LUT release rate of the SPI-LUT nanodelivery system with different ultrasonic pretreatments in gastrointestinal digestion.
3.4.2. DPPH free radical scavenging effect
The antioxidant effect of phenolic compounds versus DPPH free radicals could be assessed by their capability to relieve electrons or H-atoms Achat et al. [1]. As shown in Fig. 14, the DPPH elimination rate of samples without in vitro simulated digestion was low, and the DPPH elimination ratio of all samples was no >15%, which indicates that LUT was encapsulated by SPI. Under high encapsulation efficiency, LUT could not release hydrogen or electrons, resulting in a low DPPH elimination rate of the samples. After simulated gastric digestion in vitro, the DPPH clearance of all samples increased significantly, and with the increase of ultrasonic pretreatment power, the DPPH clearance of the nanodelivery system decreased first and then increased, which was consistent with the EE results. This shows that SPI of appropriate ultrasonic pretreatment could better embed LUT to reduce the DPPH clearance of the nanodelivery system. After intestinal digestion, the DPPH clearance rate of the sample continued to increase. This shows that in the gastric digestion stage, a portion of LUT was released, and the released LUT could scavenge free radicals, form more stable products and terminate the free radical chain reaction, which improved DPPH clearance [48]. When the SPI-LUT nanodelivery system was digested in the intestine, a large amount of LUT was released. This might be because the interaction between SPI and LUT altered the secondary protein structure and increased the number of binding sites with digestive enzymes, which improved the digestibility of protein and promoted the release of LUT[28]. Thus, the DPPH clearance of the SPI-LUT nanodelivery system was greatly improved. With the increase of ultrasound pretreatment power, the DPPH clearance of the nanodelivery system first increased (55.63 %) and then decreased. This is consistent with the EE results and simulated digestion in vitro. This indicates that appropriate ultrasound pretreatment power could increase the antioxidant activity of the nanodelivery system, which is related to the fact that ultrasound promotes the binding and release of SPI and more LUT.
Fig. 14.
DPPH clearance effect of the ultrasonically pretreated SPI-LUT nanodelivery system during gastrointestinal digestion.
4. Conclusion
Ultrasonic pretreatment of SPI facilitated the non-covalent complexation of SPI with LUT, leading to a higher encapsulation efficacy, loading amount, surface charge, and lower particle size and surface hydrophobicity of the SPI–LUT nanodelivery system. The ultrasonically pretreated SPI–LUT nanodelivery system exhibited flexible secondary structures and incompact tertiary conformations. The nanodelivery system treated with 200 W ultrasound exhibited the highest release rate of LUT and antioxidant activities. Appropriate ultrasonic pretreatment of SPI could better protect LUT from degradation caused by gastric acid corrosion and promote its massive release in SIF to improve the bioavailability and antioxidant activity of LUT. The improvement in these functional properties by the appropriate ultrasonic treatment could relate to stronger SPI–LUT interactions and structural modifications of the nanodelivery system. This study provides a preliminary basis for the expansion of the application field of soybean protein isolate and the efficient application of flavonoids.

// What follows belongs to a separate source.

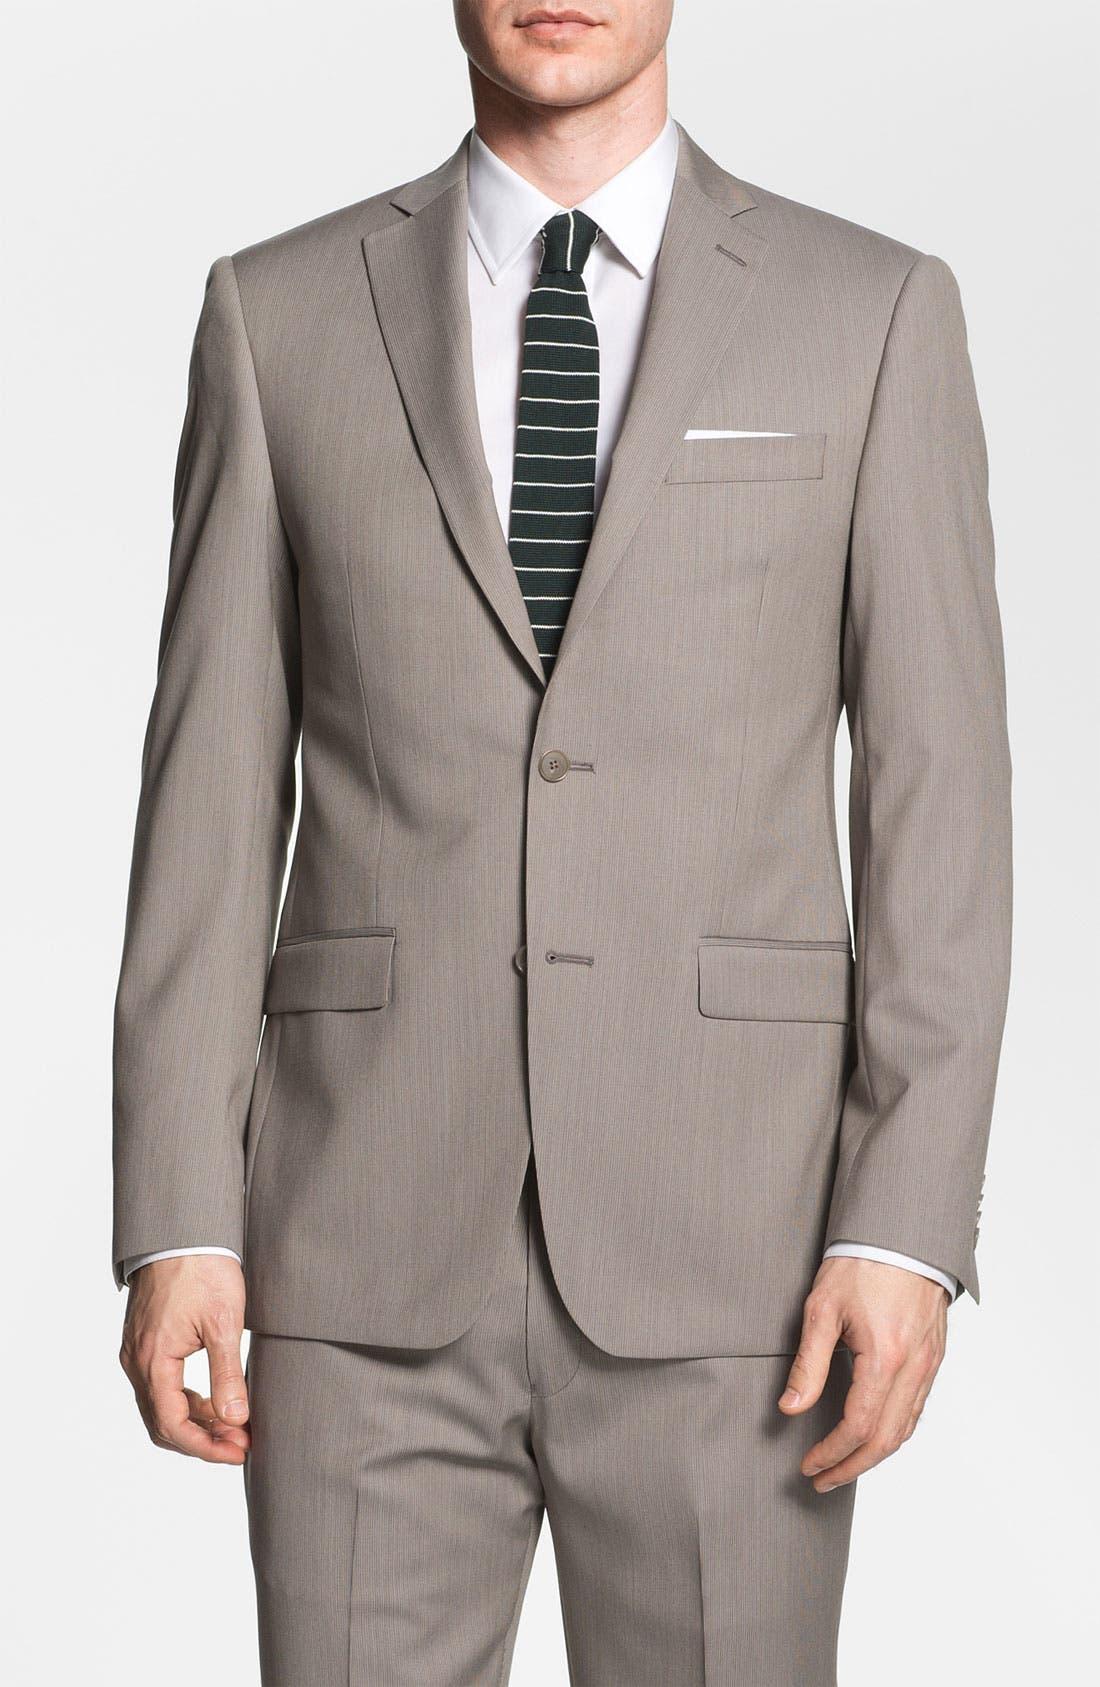 Main Image - Michael Kors Trim Fit Wool Suit

CRediT authorship contribution statement
Fuwei Sun: Conceptualization, Software, Writing – original draft. Bailiang Li: Data curation. Yanan Guo: Methodology. Yichang Wang: Visualization. Tianfu Cheng: Investigation. Qingyu Yang: Supervision. Jun Liu: Supervision. Zhijun Fan: Supervision. Zengwang Guo: Funding acquisition, Project administration. Zhongjiang Wang: Writing – original draft, Conceptualization.

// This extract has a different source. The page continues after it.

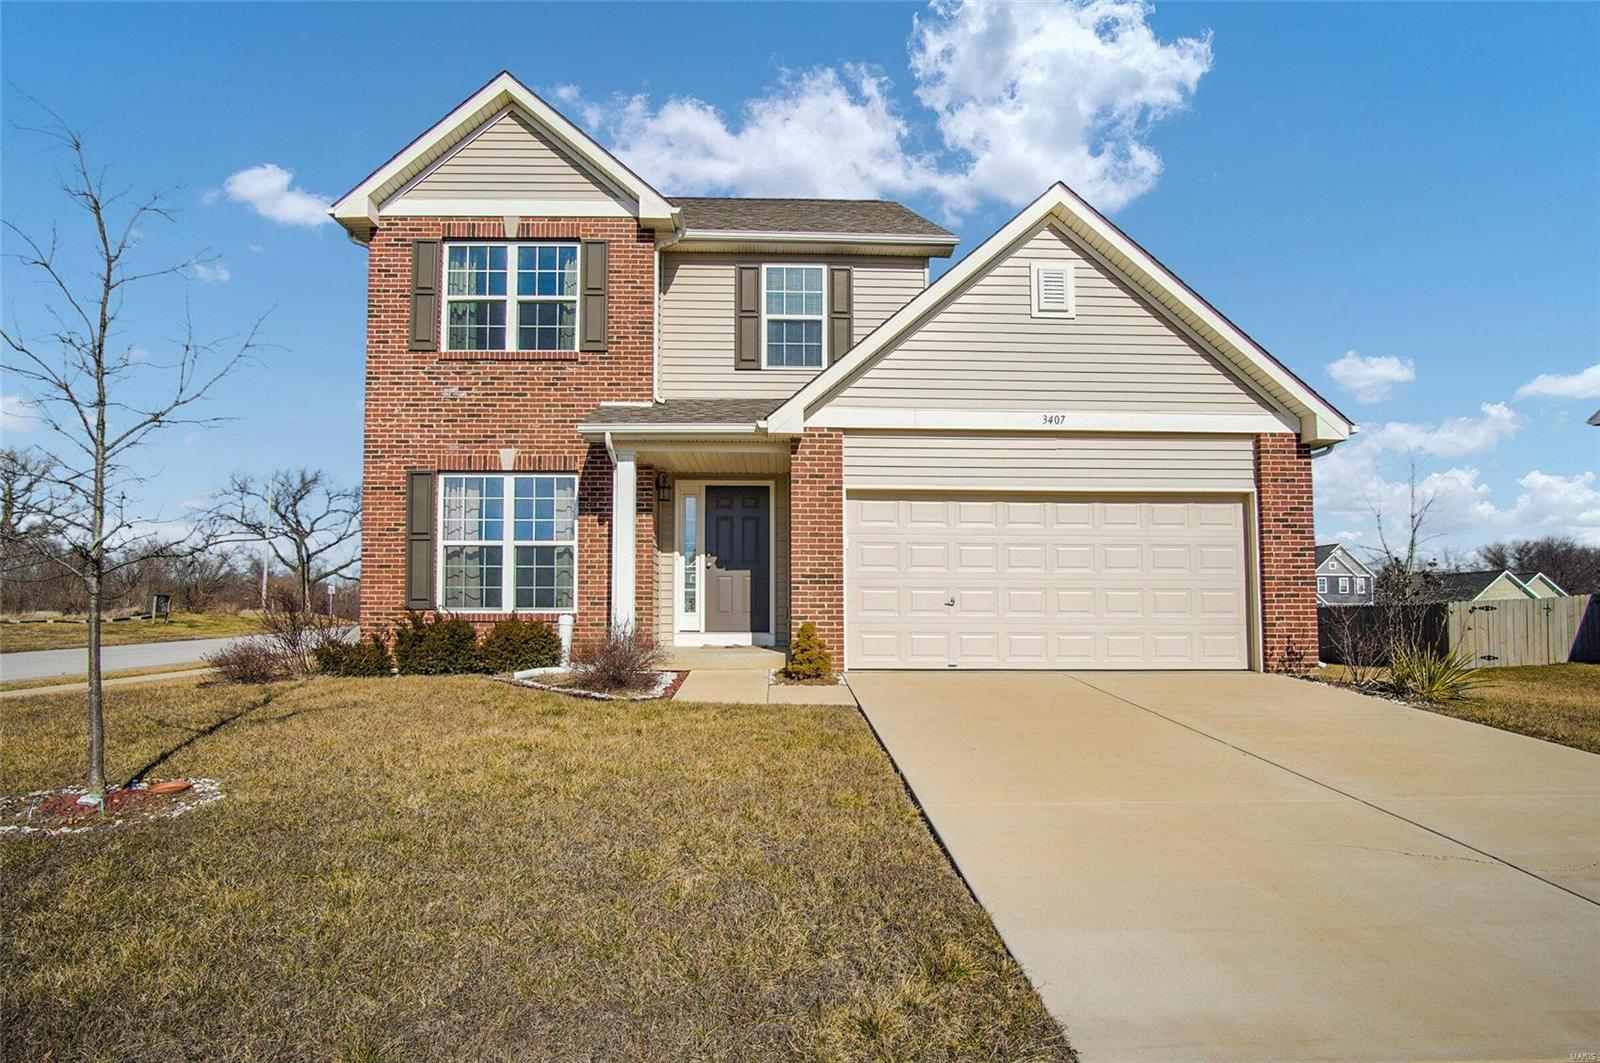 3407 Oak Drive Property Photo - Wood River, IL real estate listing

Declaration of Competing Interest
The authors declare that they have no known competing financial interests or personal relationships that could have appeared to influence the work reported in this paper.
Funding
Grants from the National key R&D plan in the 14th five year plan (2021YFD2100400), Heilongjiang Province “Hundred, Thousand, Ten Thousand” Engineering Science and Technology Major Project (2021ZX12B02), Shandong key R&D plan (major scientific and technological innovation project) (2022CXGC010603),Youth talent promotion project of China Association for science and technology (YESS20200271), Key R&D projects in Heilongjiang Province (GY2021ZB0204), The Special Fund of Liaoning Provincial Universities' Fundamental Scientific Research Projects(LZD202002), Transformation project of major scientific and technological achievements in Heilongjiang Province (CG19A002), the Major industrial key projects for the transformation of new and old kinetic energy in Shandong Province funded this research.
Contributor Information
Zengwang Guo, Email: gzwname@163.com.
Zhongjiang Wang, Email: wzjname@126.com.
References
- 1.Achat S., Rakotomanomana N., Madani K., Dangles O. Antioxidant activity of olive phenols and other dietary phenols in model gastric conditions: Scavenging of the free radical DPPH and inhibition of the haem-induced peroxidation of linoleic acid. Food Chemistry. 2016;213(15):135–142. doi: 10.1016/j.foodchem.2016.06.076. [DOI] [PubMed] [Google Scholar]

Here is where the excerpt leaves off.